CDRRM: Contrast-Driven Rubric Generation for Reliable and Interpretable Reward Modeling
This work provides a more scalable, interpretable, and data-efficient method for reward modeling, which is crucial for aligning LLMs with human preferences, especially for practitioners and researchers dealing with the high cost of expert annotations.
This paper introduces CDRRM, a framework for generating high-quality, interpretable rubrics for reward modeling in LLMs. It uses a Contrast-then-Synthesis paradigm to identify discriminative factors and synthesize them into compact rubrics, achieving state-of-the-art performance on three benchmarks and mitigating evaluation biases. Notably, CDRRM demonstrates exceptional data efficiency, outperforming fully fine-tuned baselines with only 3k training samples for its rubric generator.
Reward modeling is essential for aligning Large Language Models(LLMs) with human preferences, yet conventional reward models suffer from poor interpretability and heavy reliance on costly expert annotations.
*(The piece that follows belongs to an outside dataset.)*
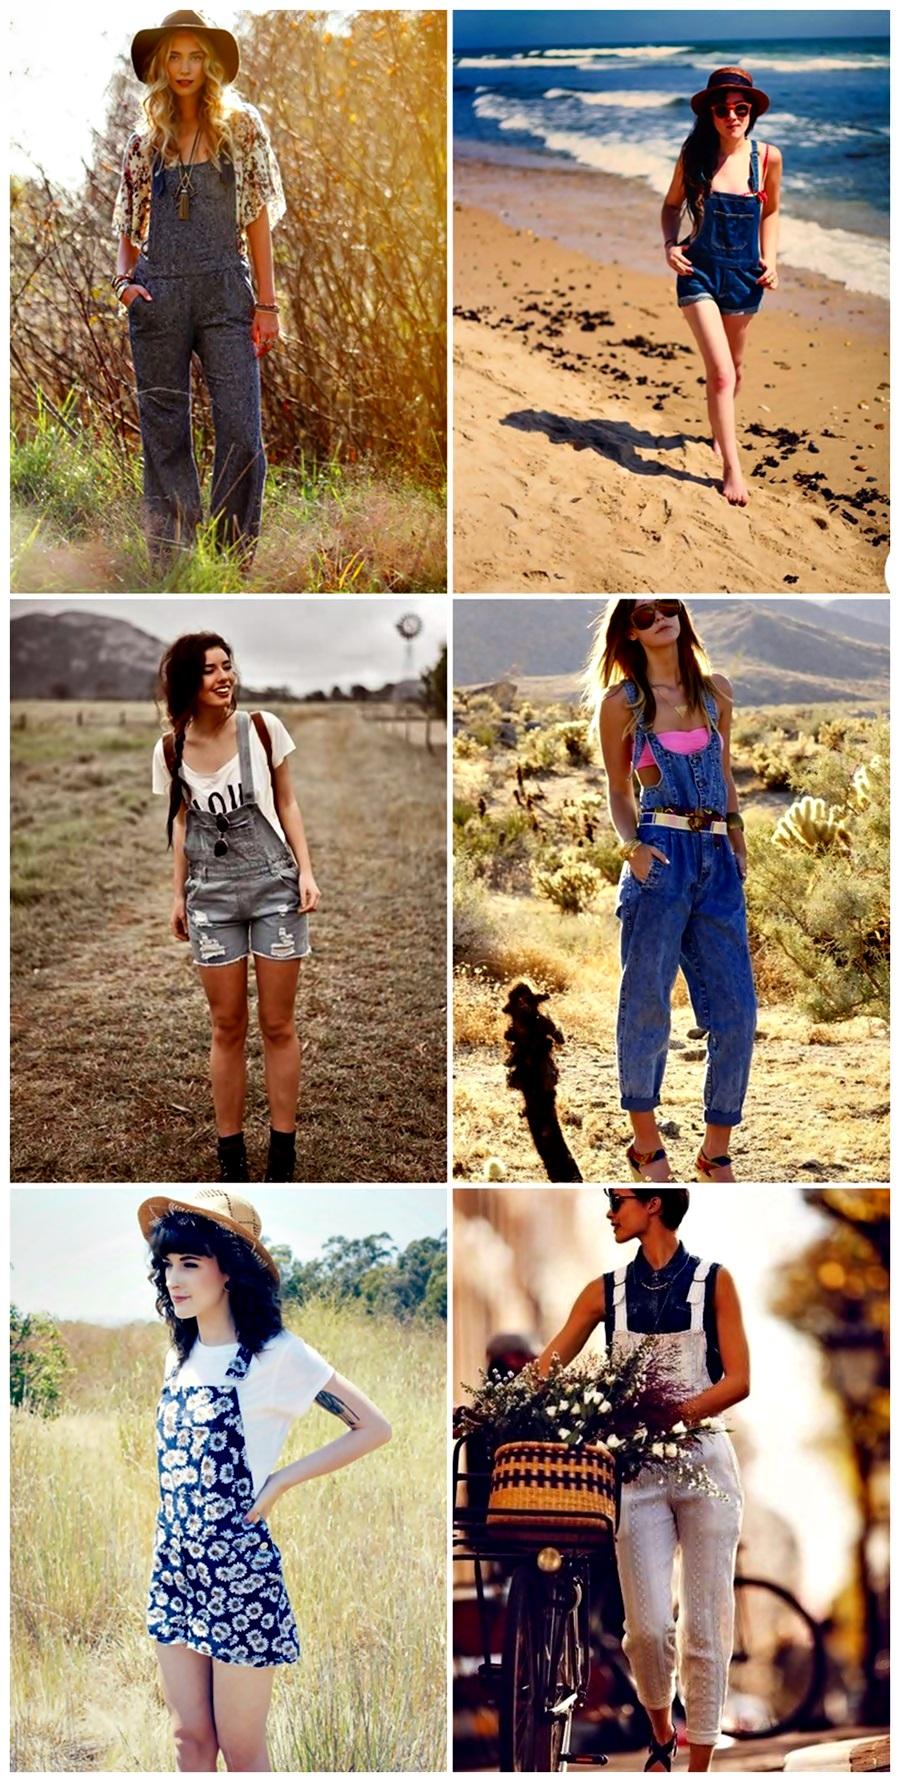 tendência verão 2014 macacão feminino jeans e jardineiras

While recent rubric-based approaches enhance evaluation transparency, they lack systematic quality control, yielding noisy and redundant criteria, failing to mitigate persistent biases (e.g., verbosity, position) in LLM evaluators, and creating a scalability-reliability trade-off. To address these limitations, we propose CDRRM (Contrast-Driven Rubric Reward Model), a framework built on a novel Contrast-then-Synthesis paradigm for high-quality rubric generation and guided preference judgment. CDRRM first conducts multi-dimensional contrastive profiling on preference pairs to identify causal discriminative factors, then synthesizes these insights into compact, context-aware rubrics to guide preference judg- ments. Extensive experiments on three authoritative benchmarks (RewardBench, RMBench, RMB) demonstrate that CDRRM achieves state-of-the-art performance across diverse domains and effectively mitigates aforementioned evaluation biases. Notably, our approach delivers exceptional data efficiency: training the rubric generator on only 3k high-quality samples empowers a frozen pre-trained judge model to outperform fully fine-tuned baselines. This work offers a scalable, interpretable, and data-efficient path for reward modeling.